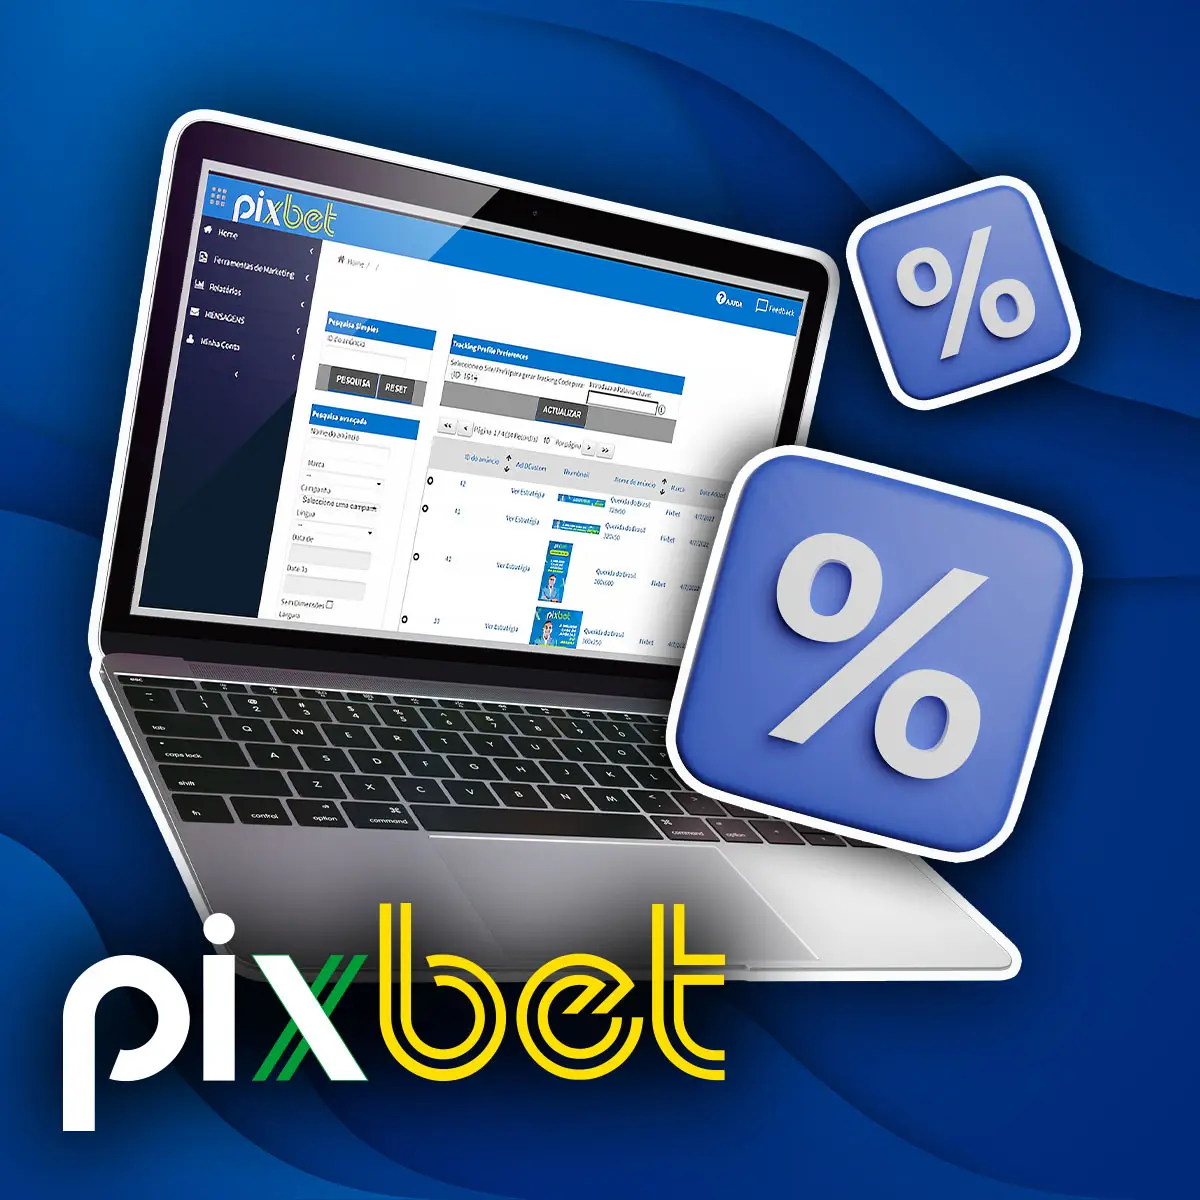 Como funciona o programa de afiliados na casa de apostas Pixbet no Brasil
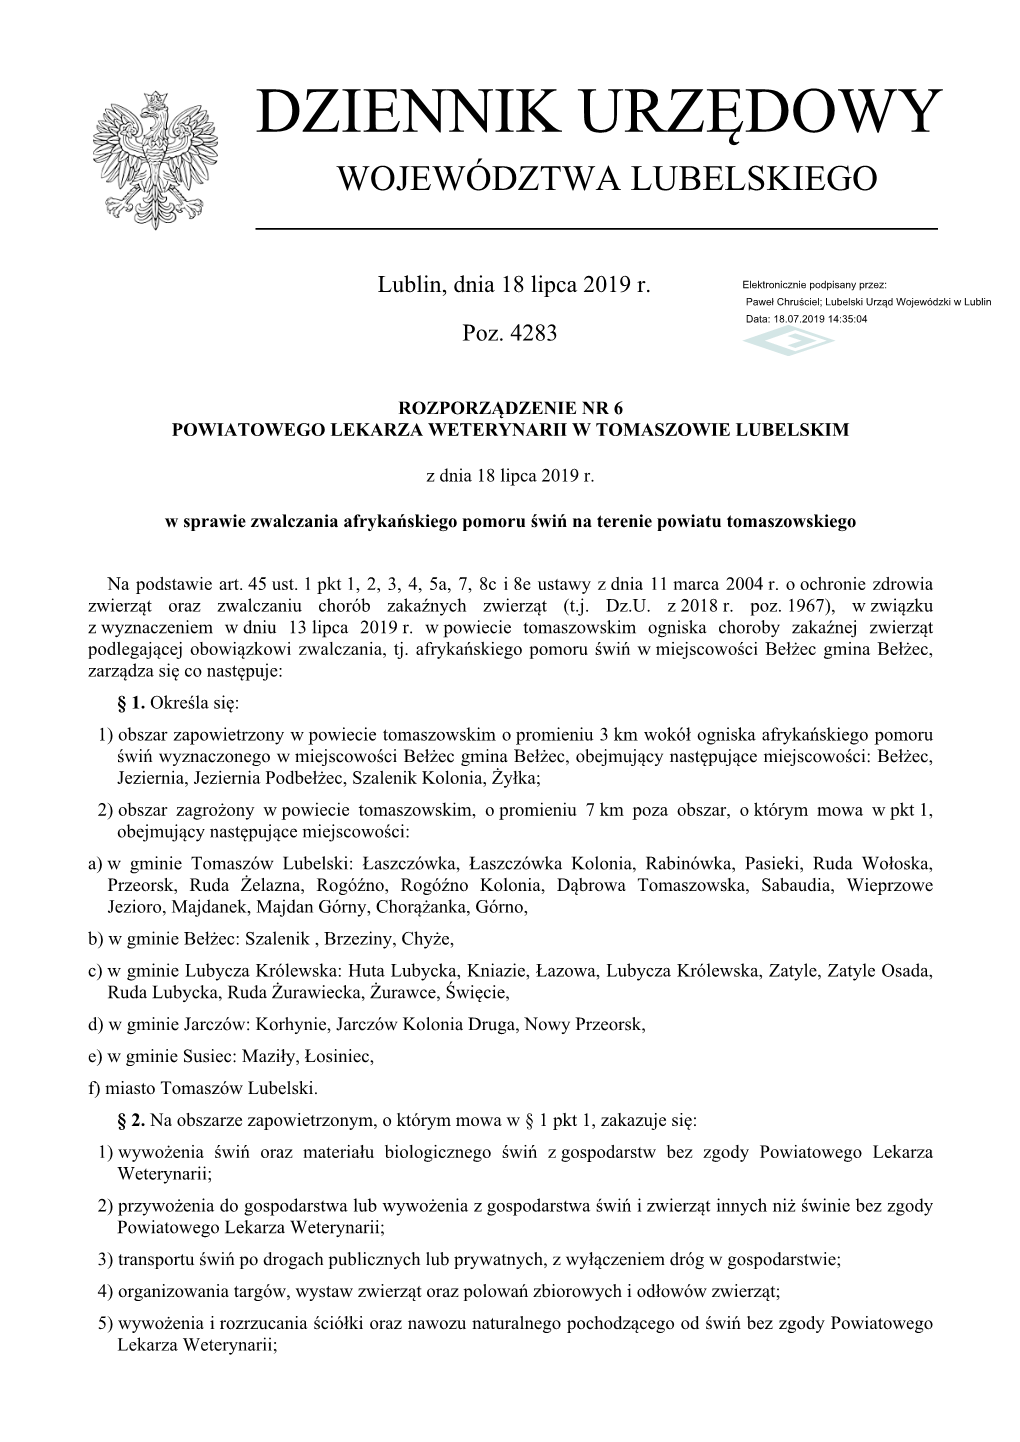 Rozporządzenie Nr 6 Powiatowego Lekarza Weterynarii W Tomaszowie Lubelskim
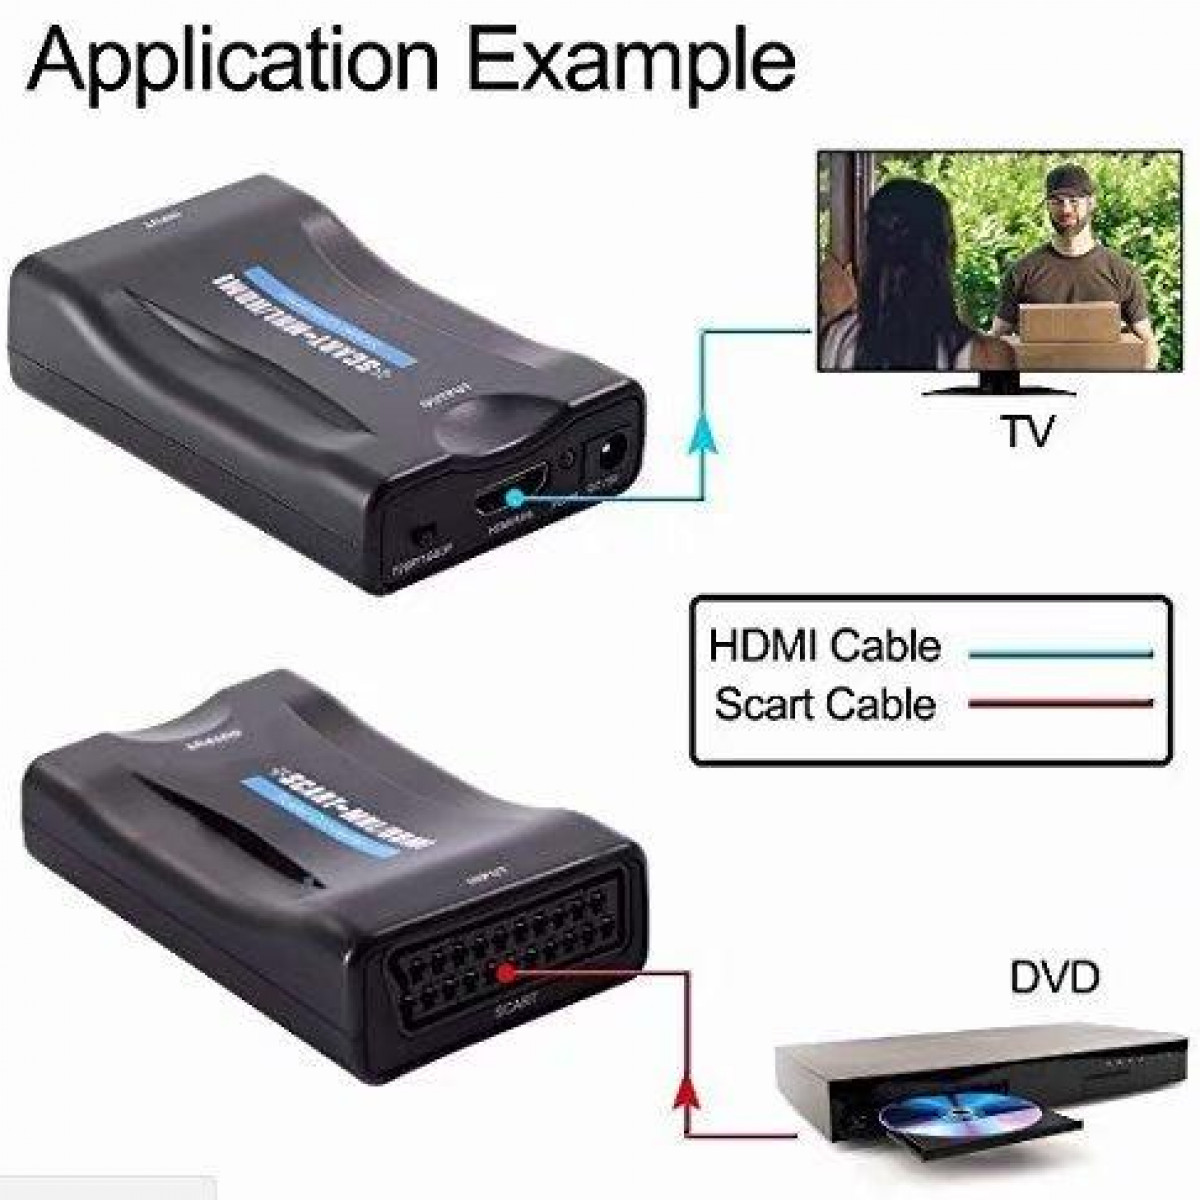 Scart Konverter HDMI HDMI-Scart zu INF
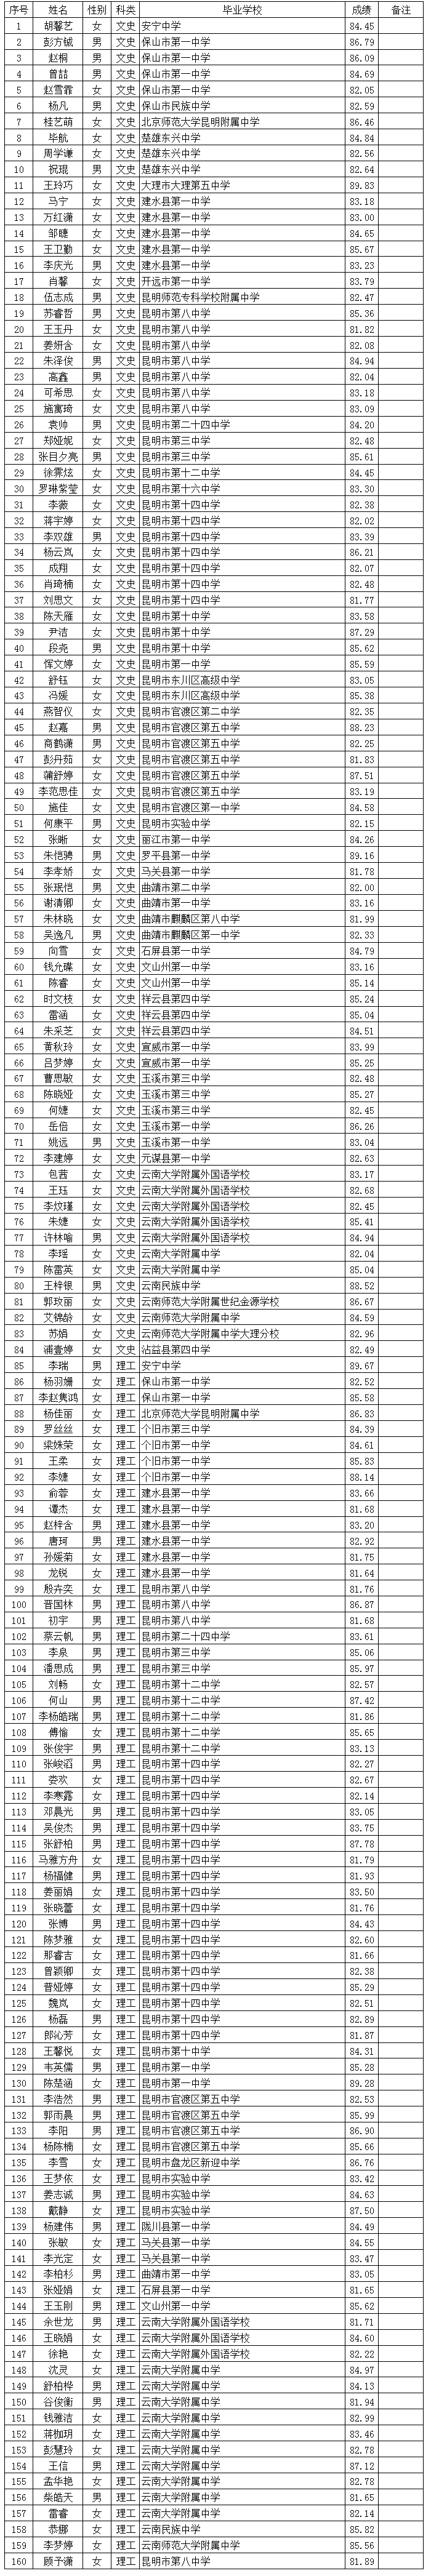 云南大学2012年自主选拔录取测试合格考生公示名单
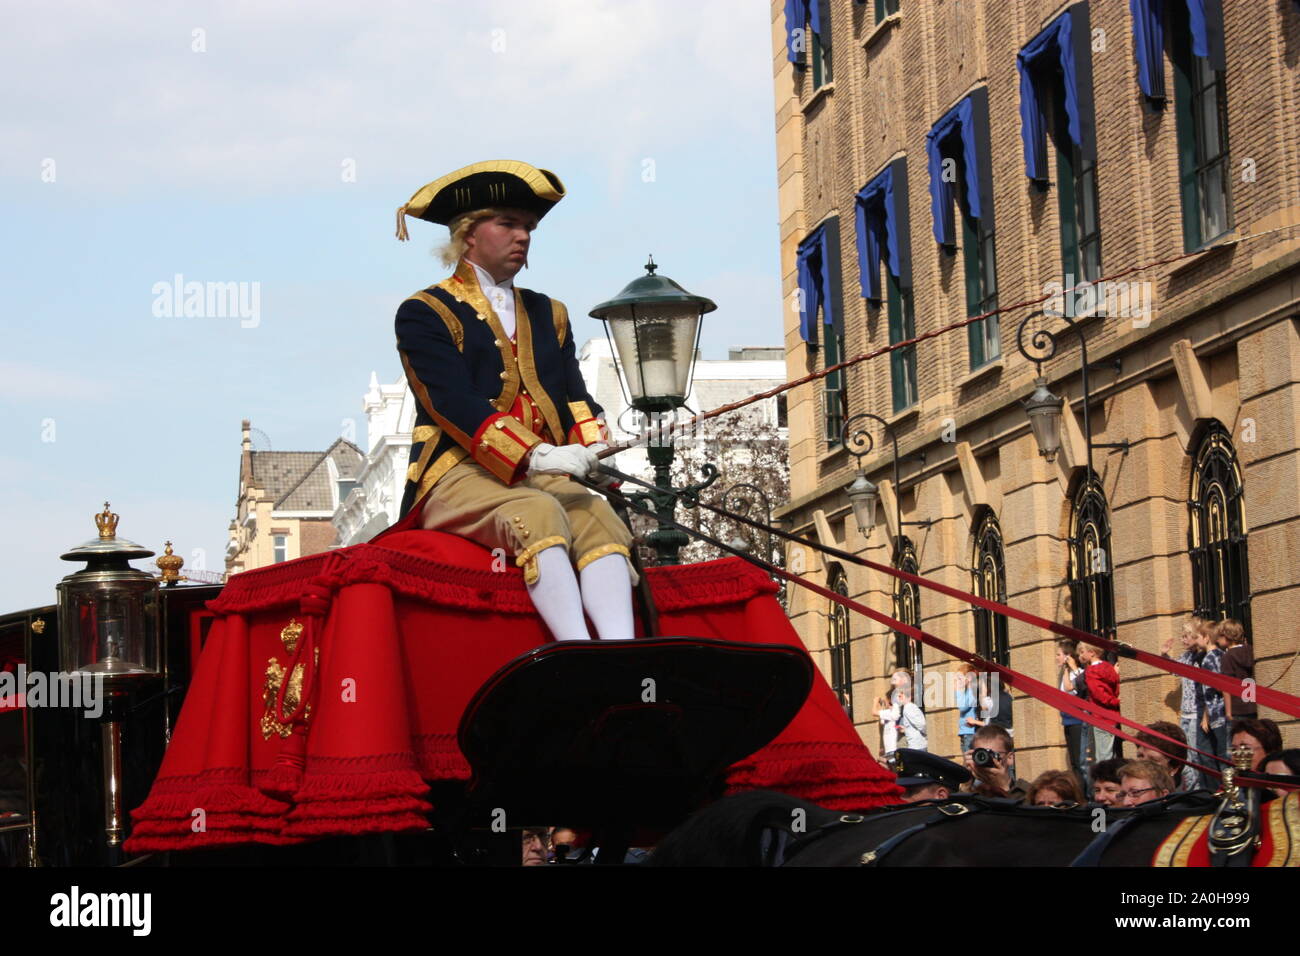 Der Fahrer fuhr auf der goldenen Kutsche mit der Königlichen Familie auf dem Weg in die Halle der Ritter in Den Haag Prinsjesdag jährliche Zeremonie. Stockfoto

————————

> **PROBLEM TO WORK ON**
Please return the material above unchanged, with every picture removed.

> **ANSWER TO THIS PROBLEM**
 Como funciona o programa de afiliados na casa de apostas Pixbet no Brasil
 Rozporządzenie Nr 6 Powiatowego Lekarza Weterynarii W Tomaszowie Lubelskim
 Scart Konverter HDMI HDMI-Scart zu INF
 云南大学2012年自主选拔录取测试合格考生公示名单
 Der Fahrer fuhr auf der goldenen Kutsche mit der Königlichen Familie auf dem Weg in die Halle der Ritter in Den Haag Prinsjesdag jährliche Zeremonie. Stockfoto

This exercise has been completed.